With rates where they are right now, you could start considering a refi if your current rate is around 6.42% or higher.

Also consider your goals: Are you trying to lower your monthly payment, shorten your loan term or turn home equity into cash? For example, you might be more comfortable with paying a higher rate for a cash-out refinance than you would for a rate-and-term refinance, so long as the overall costs are lower than if you kept your original mortgage and added a HELOC or home equity loan.

If you’re looking for a lower rate, use NerdWallet’s refinance calculator to estimate savings and understand how long it would take to break even on the costs of refinancing.

There is no universal “right” time to start shopping — what matters is whether you can comfortably afford a mortgage now at today’s rates.

If the answer is yes, don’t get too hung up on whether you could be missing out on lower rates later; you can refinance down the road. Focus on getting preapproved, comparing lender offers, and understanding what monthly payment works for your budget.

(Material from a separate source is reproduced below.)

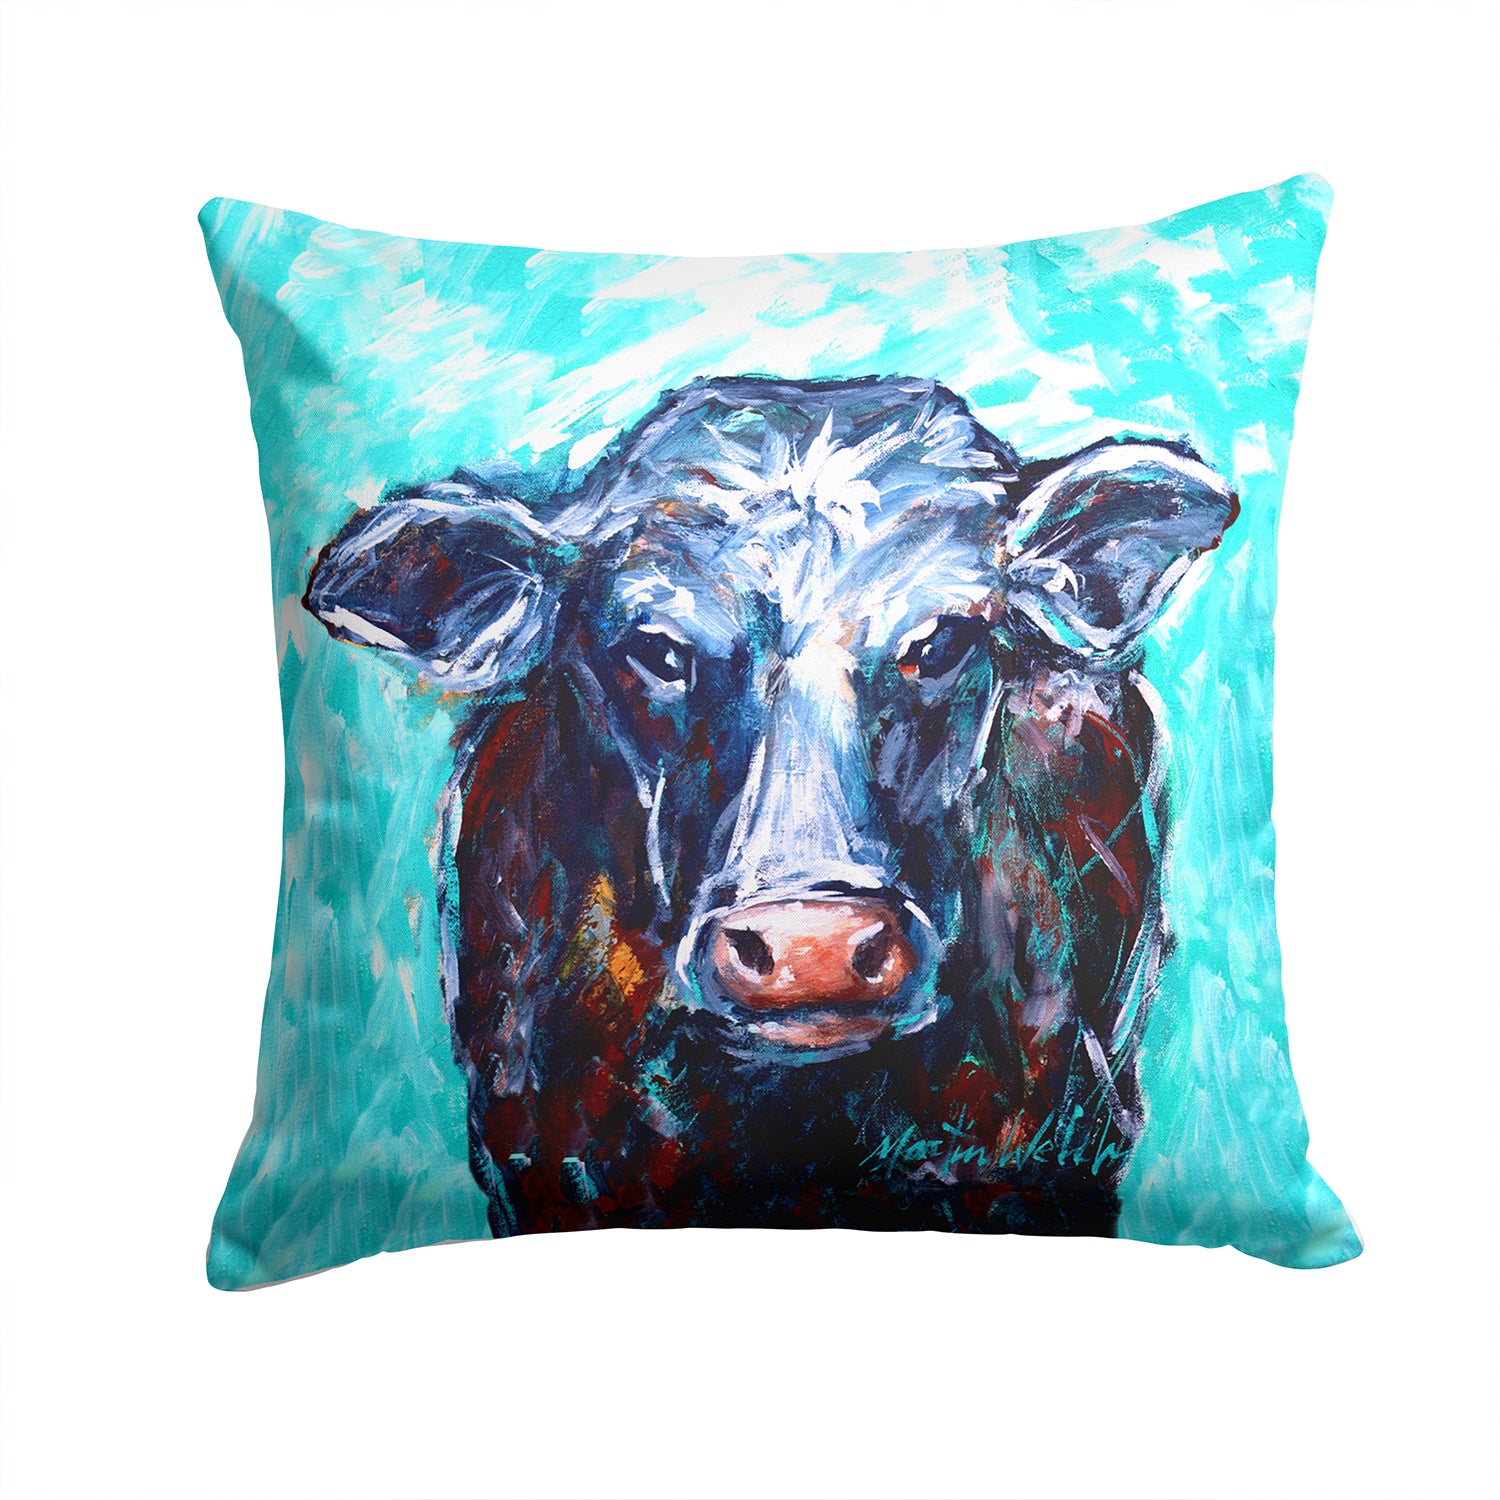 Buy this Moo Cow Fabric Decorative Pillow

NerdWallet’s affordability calculator can help you estimate your potential monthly payment. If a new home isn’t in the cards right now, there are still things you can do to strengthen your buyer profile. Take this time to pay down existing debts and build your down payment savings. Not only will this free up more cash flow for a future mortgage payment, it can also get you a better interest rate when you’re ready to buy.

🔒 Should I lock my rate?

If you already have a quote you’re happy with, you should consider locking your mortgage rate, especially if your lender offers a float-down option. A float-down lets you take advantage of a better rate if the market drops during your lock period.

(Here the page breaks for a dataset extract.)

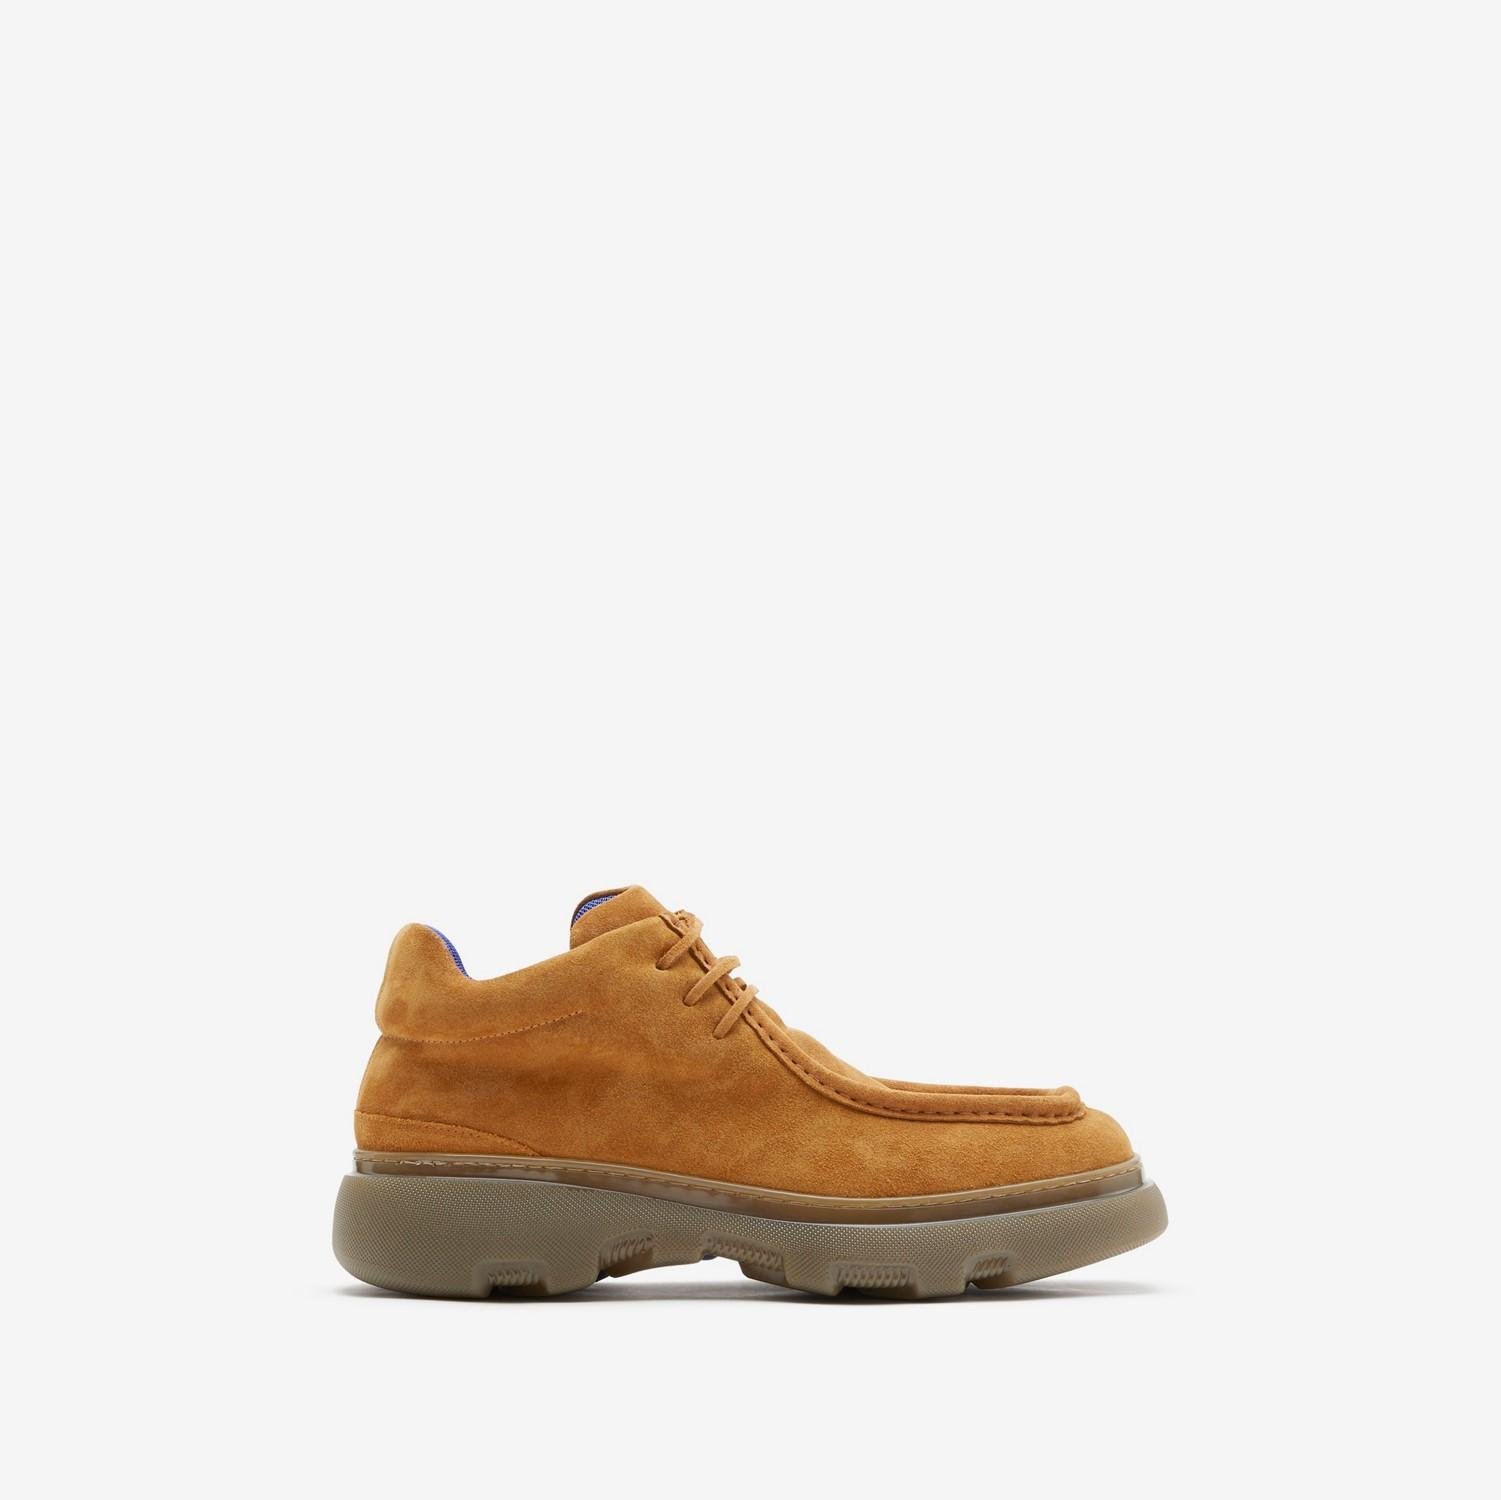 Suede Creeper Mid Shoes by BURBERRY

Rate locks protect you from increases while your loan is processed, and with the market forever bouncing around, that peace of mind can be worth it.

🤓 Nerdy Reminder: Rates can change daily, and even hourly. If you’re happy with the deal you have, it’s okay to commit.

🧐 Why is the rate I saw online different from the quote I got?

The rate you see advertised is a sample rate — usually for a borrower with perfect credit, making a big down payment, and paying for mortgage points. That won’t match every buyer’s circumstances.

In addition to market factors outside of your control, your customized quote depends on your:

Location and property type

Even two people with similar credit scores might get different rates, depending on their overall financial profiles.

👀 If I apply now, can I get the rate I saw today?

Maybe — but even personalized rate quotes can change until you lock. That’s because lenders adjust pricing multiple times a day in response to market changes.